* _WHAT THE EXERCISE ASKS_:
Please produce a character-exact copy of the listing that follows, omitting all images.

* _GIVEN INFORMATION_:

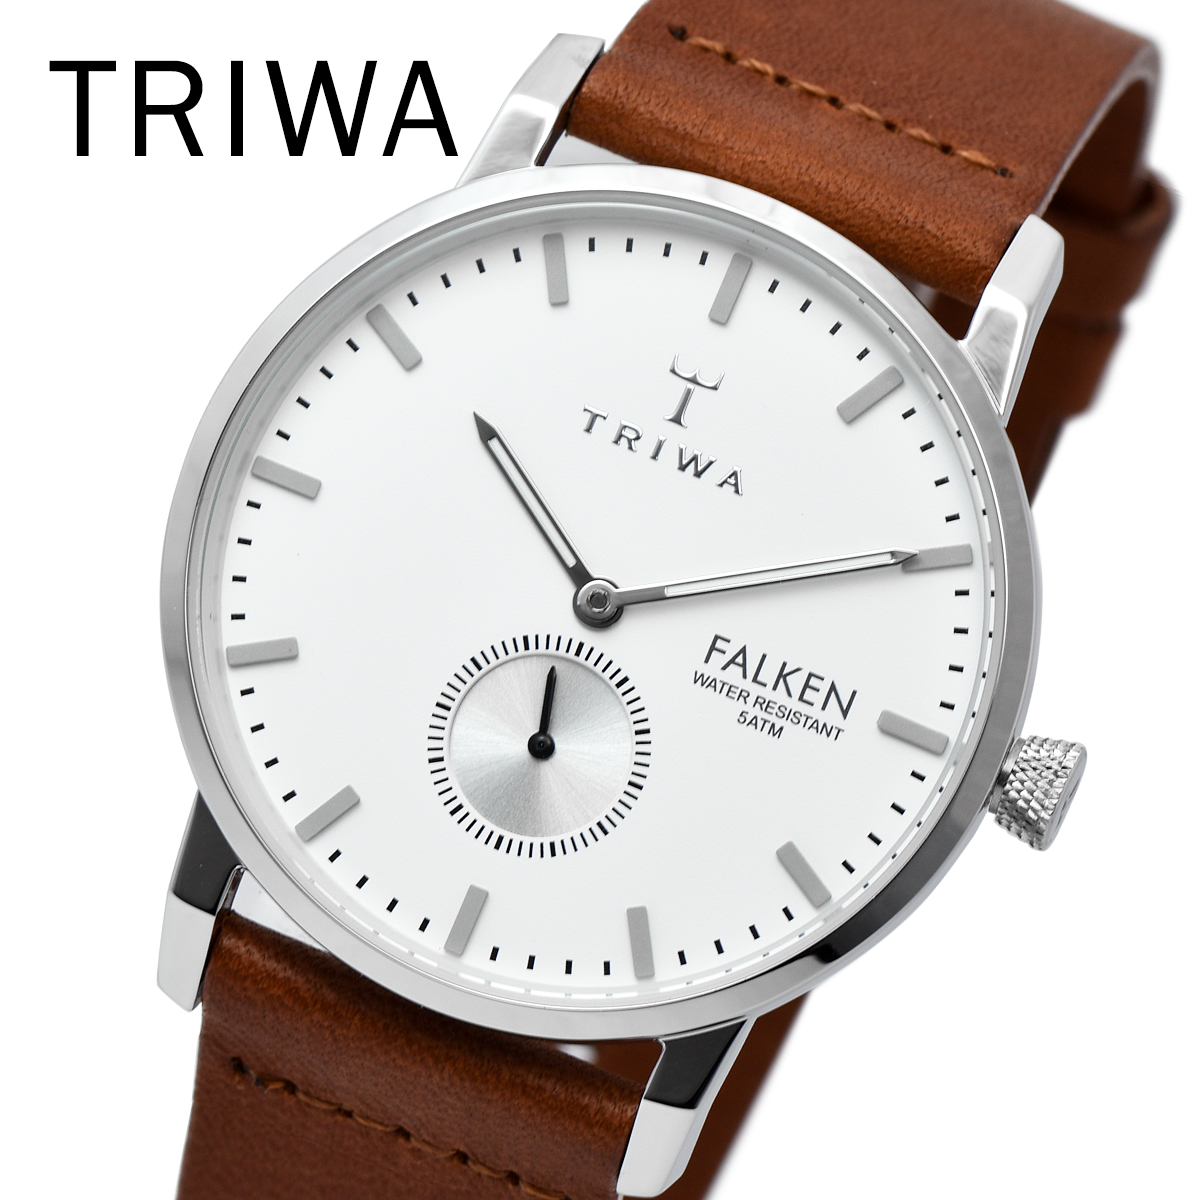 TRIWA トリワ FAST103 CL010212 WALTER FALKEN BROWN メンズ レディース ユニセックス 時計 腕時計 プレゼント 贈り物 ギフト 彼氏 フォーマル カジュアル ペアウォッチ 北欧[あす楽]
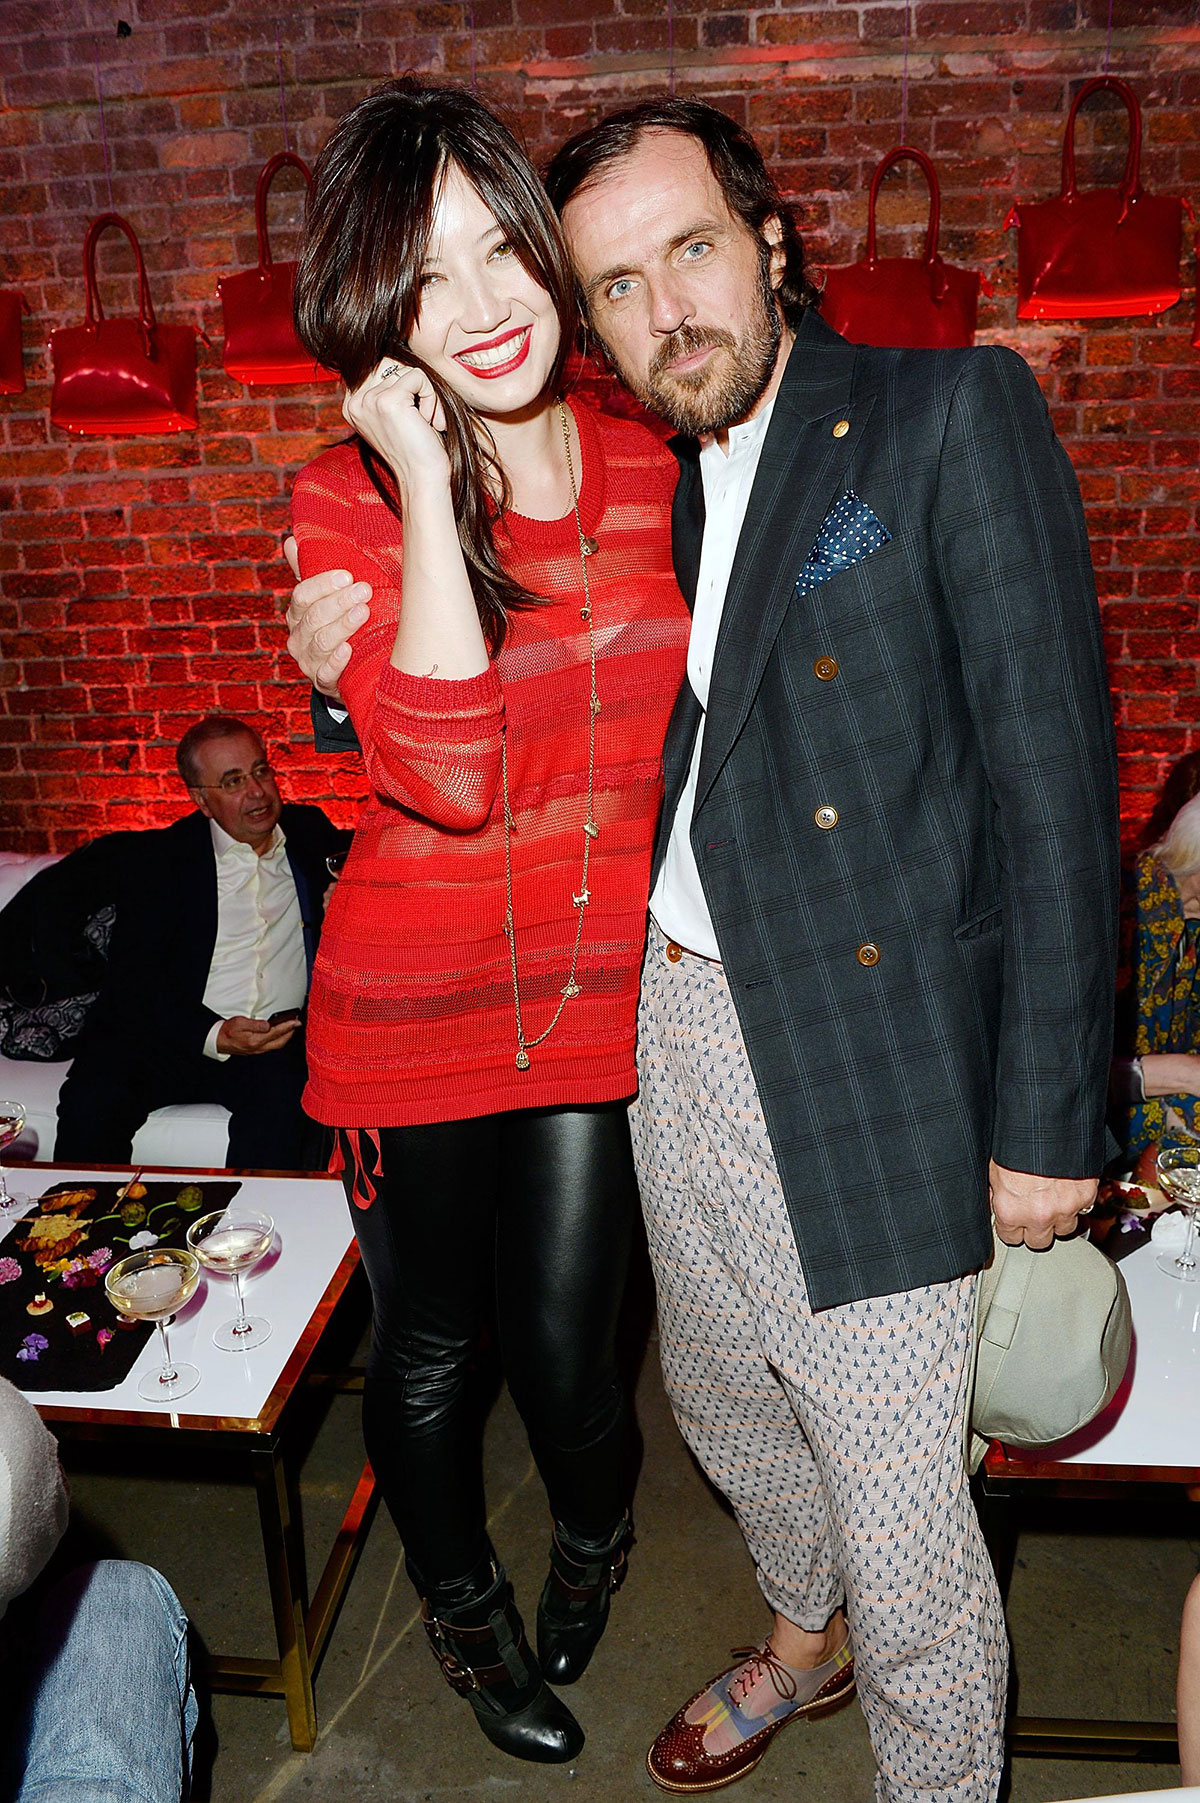 Daisy Lowe at Virgin Atlantic's New Vivienne Westwood Uniform Collection
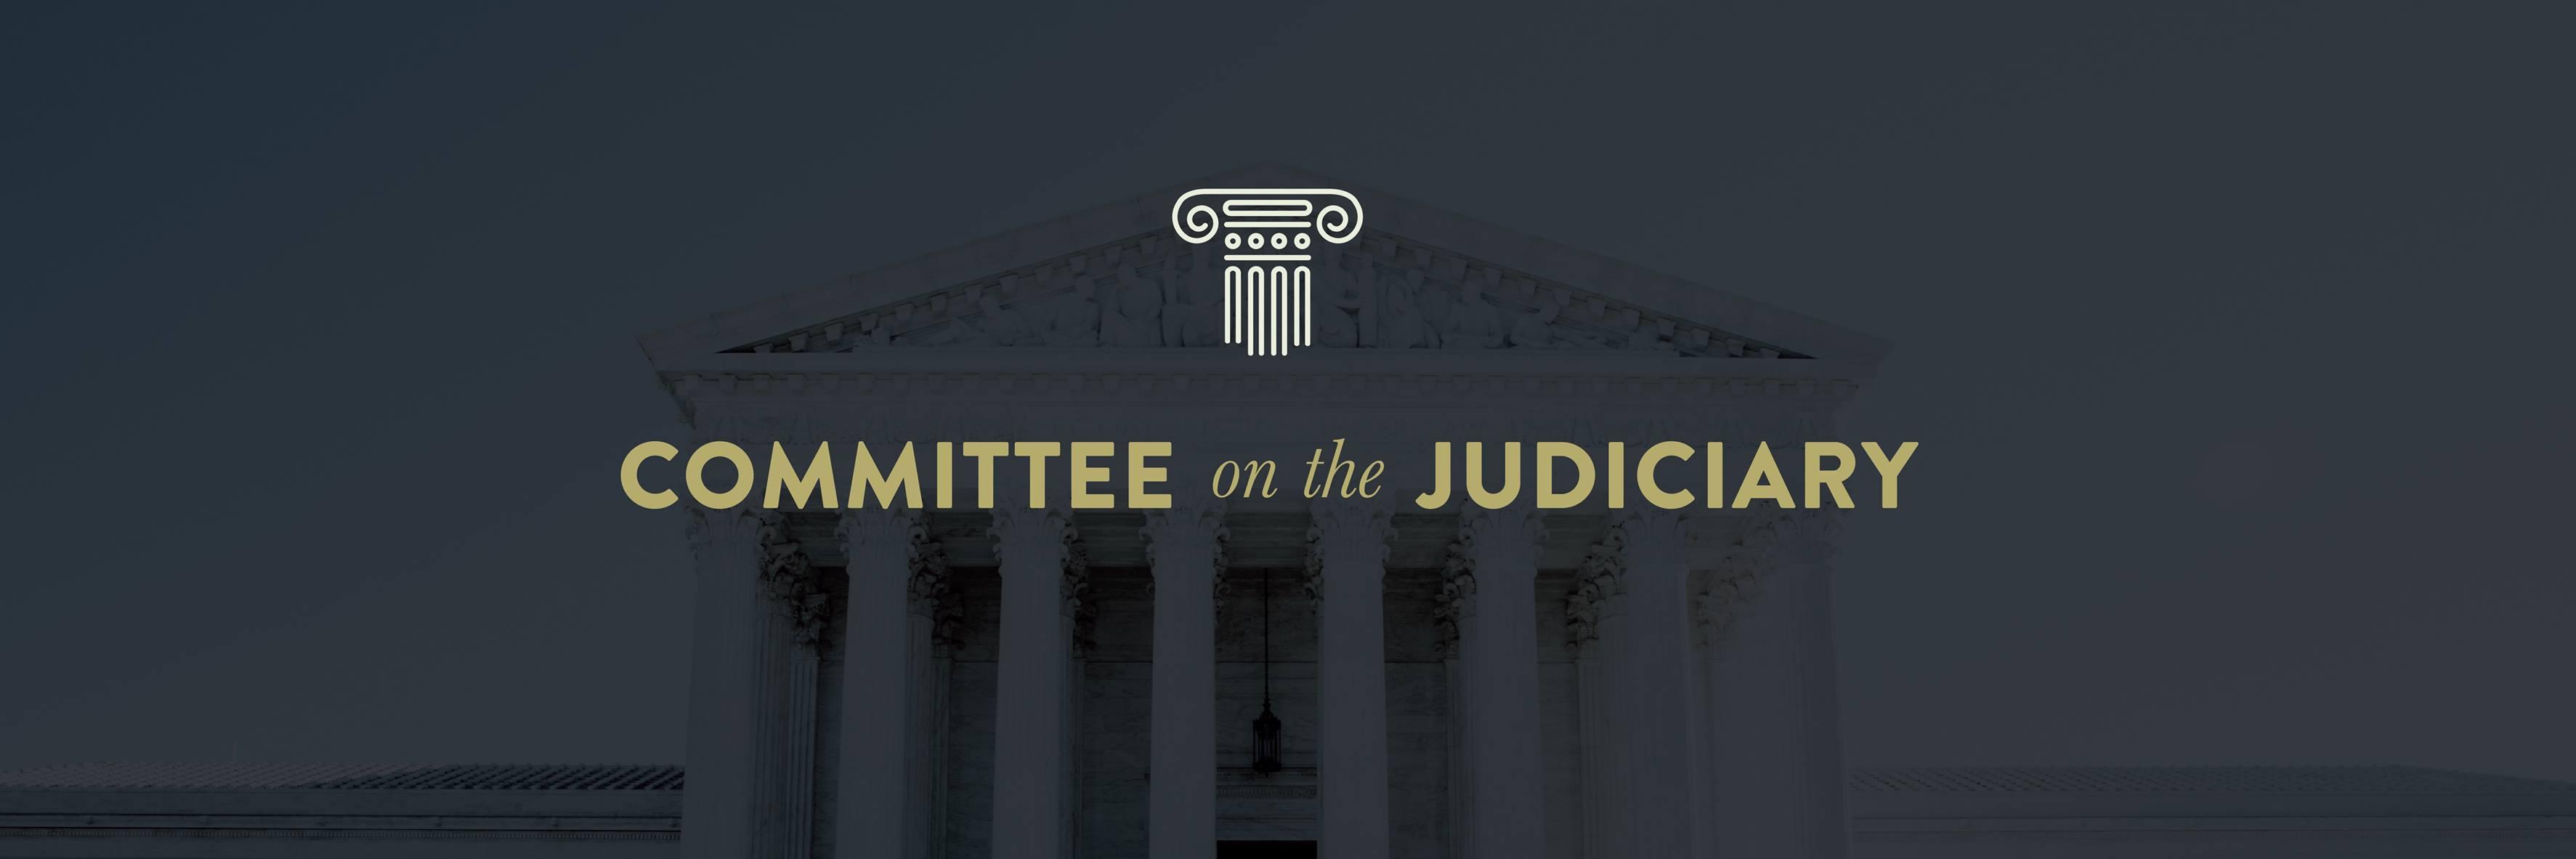 Senate Judiciary Committee Banner

* _EXERCISE RESULT_:
 TRIWA トリワ FAST103 CL010212 WALTER FALKEN BROWN メンズ レディース ユニセックス 時計 腕時計 プレゼント 贈り物 ギフト 彼氏 フォーマル カジュアル ペアウォッチ 北欧[あす楽]
 Daisy Lowe at Virgin Atlantic's New Vivienne Westwood Uniform Collection
 Senate Judiciary Committee Banner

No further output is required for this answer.